После ужина, Вика, убрав посуду в посудомоечную машину, прошла в зал и сев в кресло, включила телевизор, я проследовал за ней. Просмотрев газеты, которые купил по дороге, и не найдя в них ничего интересного для себя, сказал, что пошел спать, так как время перевалило за одиннадцать, а утром вставать рано. Вика кивнула головой, ей утром спешить было некуда, и она могла себе позволить поздно лечь спасть.
Приняв душ, я прошел в спальную, включил лампу на прикроватной тумбочке, взял книгу и лег. Любил почитать перед сном, это несколько отвлекало от дневных забот, помогало расслабиться. Через некоторое время вдруг понял, что не понимаю, что читаю, не улавливаю смысла. Снова посещали мысли о пожилой женщине и ее словах.

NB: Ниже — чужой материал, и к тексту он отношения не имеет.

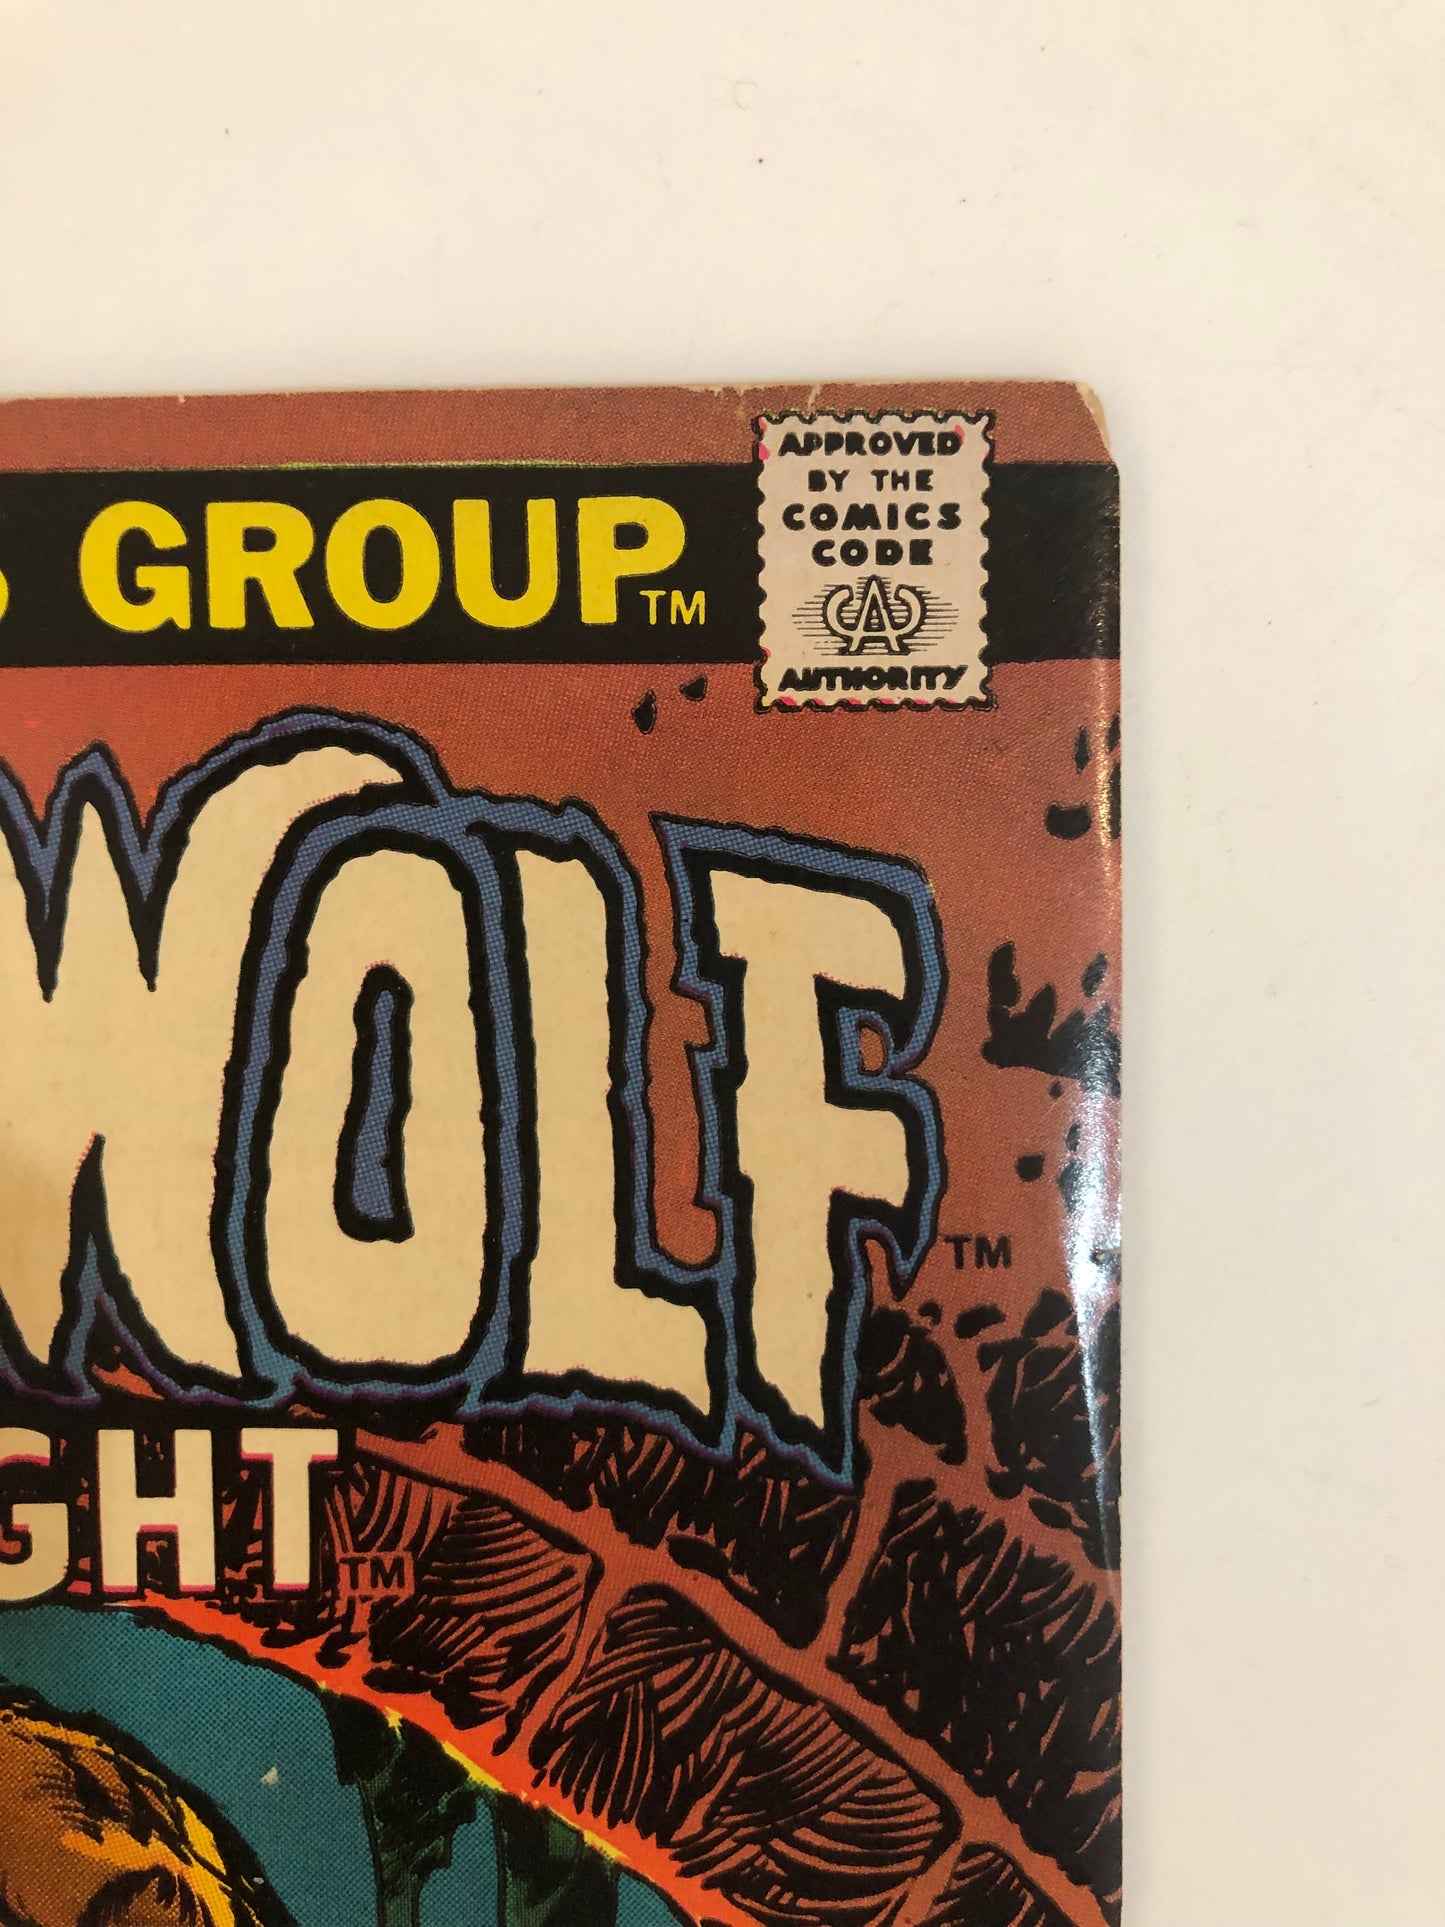 Werewolf By Night #13

Да что такое, — подумал я, — какая-то случайная встреча. А бывают ли случайности в этом мире? Это с какой стороны посмотреть. Со стороны реальности — случайность события очевидна, со стороны психологической нет. Ну, хорошо, предположим, ее слова действительно представляют интерес. И что? Мне, что до этого? Я не судья и даже, если бы это было возможно, чтобы я мог спросить при встрече? Почему? Глупый вопрос. Потому — вот ответ. Почему он стал бы отвечать? Хотя если быть объективным, интересно было бы поговорить. Но дело в том, что суть ее рассуждений — суд человеческий, что проблематично. Я не уполномочен для этого. А нет, значит надо отогнать эти мысли и уснуть. Завтра трудный день».

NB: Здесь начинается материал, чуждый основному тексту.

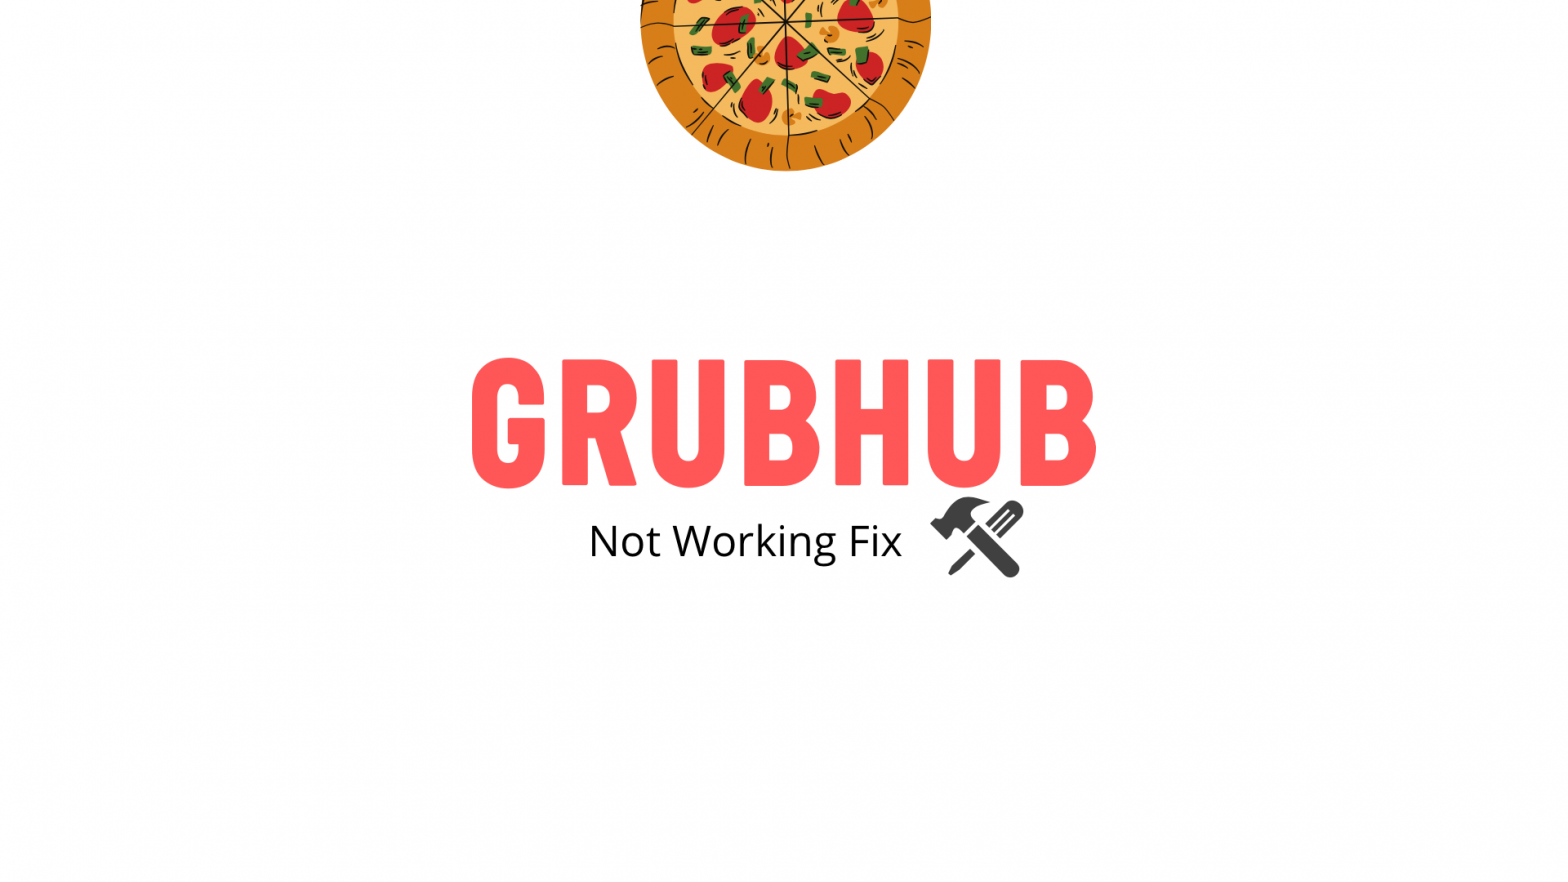 Grubhub not working

Но засевшая в голове мысль не отпускала. «И все — таки, если ты есть, Создатель всего и вся, то может быть, снизойдешь, до разговора со мной? Мне лично ничего не надо, но вопросы есть, и они озвучены другими. Если ты реально существуешь! Если ты не фантазия, не мечта людей, как о справедливом, добром, то почему ты молчишь? Почему не отзываешься на зов страждущих? Или ты не слышишь их просьб, молитв? А если слышишь, то почему молчишь? Может быть, услышишь меня? Да, меня никто не уполномочивал обращаться к тебе от имени всех, но может быть, ты отзовешься? История умалчивает о твоем реальном общении, а тем более держании ответа перед человеком. Там может быть сейчас? Найди время. Я призываю тебя к ответу. Если ты существуешь, то обрати свой взор на меня. Если у тебя есть правила, которые ты не нарушаешь, то может быть пришло время их нарушить? Теперь твой ход. Ты всемогущ, тебе и решать», — так размышлял я, лежа с закрытыми глазами.

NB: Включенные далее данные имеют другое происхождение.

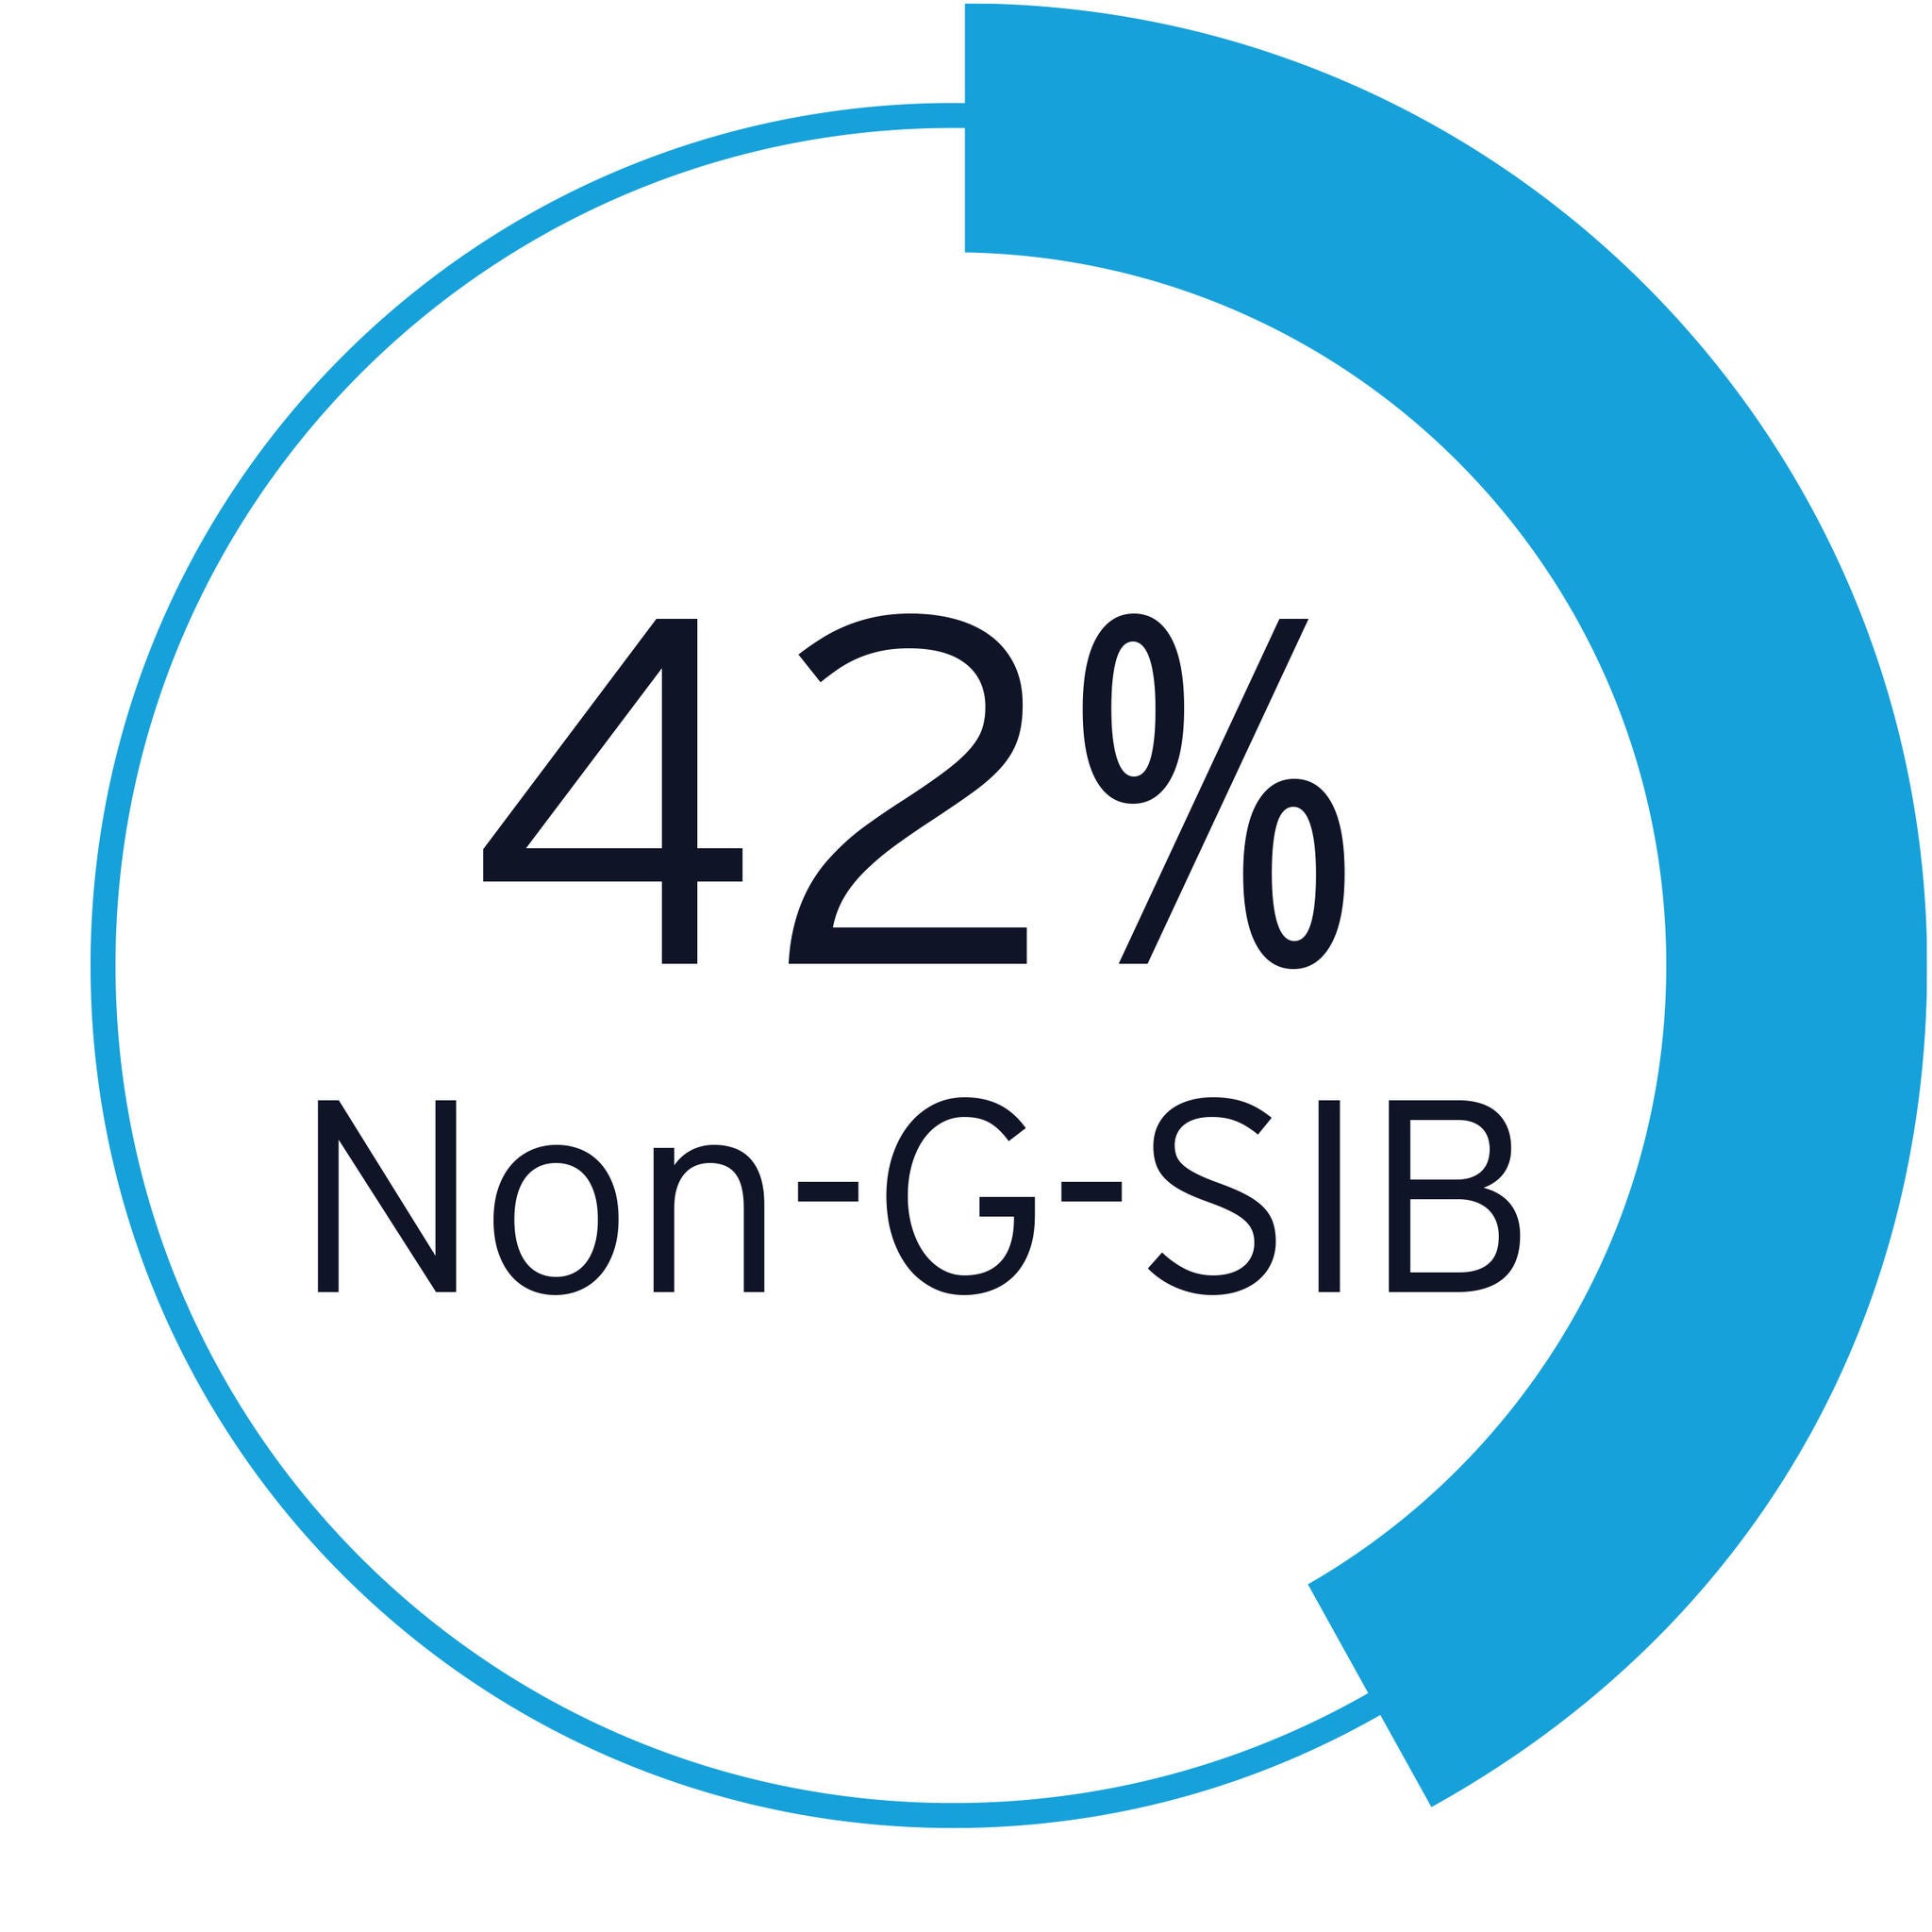 42% non-g-sib

Читать не хотелось и, положив книгу на тумбочку, выключил свет. Какое — то время еще бродил в лабиринтах своих мыслей, а потом заснул.
Что-то заставило меня проснуться. Я открыл глаза, посмотрел и увидел, что Вика уже спит, значит, время позднее. До моего слуха донесся дробный звук и, поняв, что это дождь барабанит в окно, поднялся. Спасть, как ни странно, не хотелось. Тихонько, чтобы не разбудить жену, прошел на кухню, поставил греться воду в чайнике и подошел к окну.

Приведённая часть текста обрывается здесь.